Literature Discovery and Evaluation
Tools designed to retrieve relevant scholarly information, aiding the iterative literature review process.
Chatbot Tools
Chatbots utilizing different large language models (LLMs) for various language tasks, such as refining research questions, checking grammar, polishing language, and translation, or even generic information search.
Literature Mapping Tools
Emerging tools that help researchers to visualize and map relationships between papers, simplifying navigation of complex research fields.
Other Research Utility Tools
Beyond those offered by PolyU, numerous AI-integrated tools are available to assist in research tasks such as literature comprehending, information organizing and academic writing. Explore some popular tools with free plans.

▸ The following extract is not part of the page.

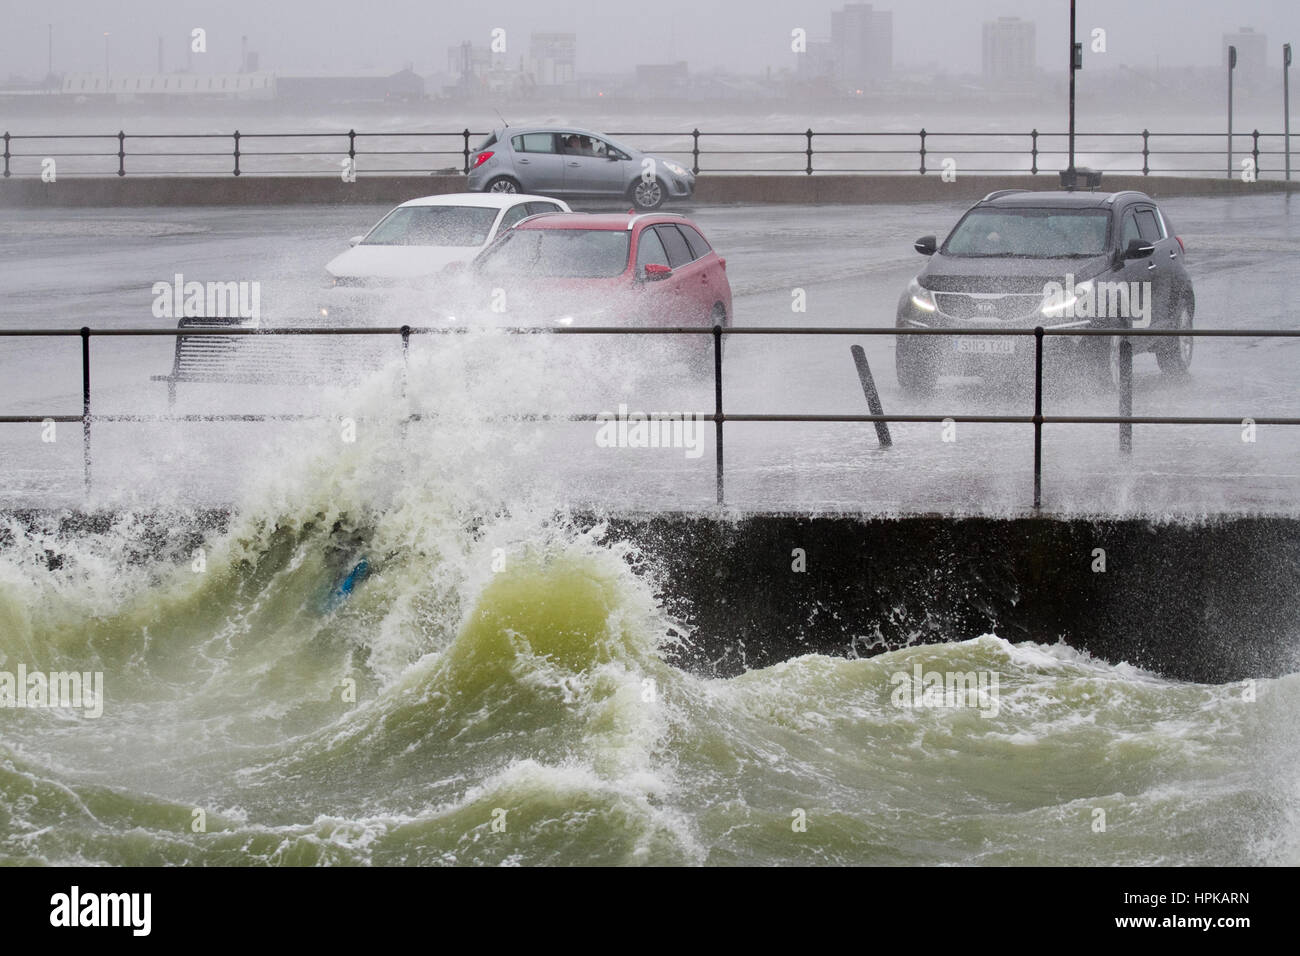 New Brighton, UK. Uk Weather.  Storm winds intensify as motorists queue for a free car wash. Even as the tide recedes the winds intensify as Storm Doris makes landfall.  The Green Marine Lake at New Brighton is whipped up to frenzy during the severe storm;  Warnings exist that the water could be unsafe and harmful to health.  Credit MediaWorldImages/AlamyLiveNews. Stock Photo

3 Factors to Consider When Choosing a GenAI Tool

With the overwhelming number of GenAI tools, it can be challenging to determine which ones to use. Start by considering the following three factors to guide your decision:

Functionality (1)
- Identify tasks that could be enhanced, such as writing, coding, data analysis, or literature review
- Select the tool that specialize in features relevant to your identified task
- Take reference from benchmarks to assess effectiveness of a large language model (LLM)
- Test the tool yourself to evaluate the usability and how well it meets your specific needs
Trustworthiness (2)
- Evaluate the tool's methodology for generating information and its inherent limitations
- Verify the data source to ensure its suitability for academic research; if the source is undisclosed, apply the CRAAP test to evaluate the generated content
- Ensure the tool securely encrypts the information you input, particularly for private, sensitive, or confidential data
- Seek feedback and reviews from other users for reference
Cost(3)
- Consider the time investment needed for ease of use and learning
- Analyze the subscription fee of the tool and weigh it against your budget

Evaluate AI generated content

While GenAI excels in information searching—such as speed, accessibility, and the ability to generate diverse perspectives, it is also essential to critically assess the output, as AI-generated information can be incorrect and may mislead users.

The CRAAP test is a simple tool to help you evaluate information sources, including AI generated content. It involves asking yourself questions across 5 key aspects to determine whether a source is suitable for your research or decision-making. Below are some suggested questions specifically focused on evaluating AI-generated information.

Criteria	Description	Questions
C - Currency	Timeliness of information	Does the AI tool provide up-to-date data? Is the information provided current? How often is the AI model updated? Does the AI tool have a knowledge cutoff date that affects the currency of its information?
R - Relevance	Contextual fit	Who is the intended audience? Have you specified in your prompt? Have you consulted various sources, before determining this is one you will use? Would you cite this in your academic research?
A - Authority	Source credibility	Is the AI tool developed by a reputable organization or individual? What are the sources that the AI tool relies on? Are they credible sources? Does the AI tool provide evidence or references? Can you verify the information by reading the original sources? If any sources are provided, does the website URL offer insights about the source? .gov - a government site .edu - an educational site .com - a commercial site .org - an organization site
A - Accuracy	Reliability of content	Is there a risk of hallucination, which the information generated is fabricated? Can you verify the information through other sources? Is the information complete for your purpose?
P - Purpose	Reason for existence	Any bias in the AI-generated content? Does “garbage in, garbage out” (GIGO) apply? The quality of response is affected by the quality of training data and user input. Is the prompt well-engineered and free from bias?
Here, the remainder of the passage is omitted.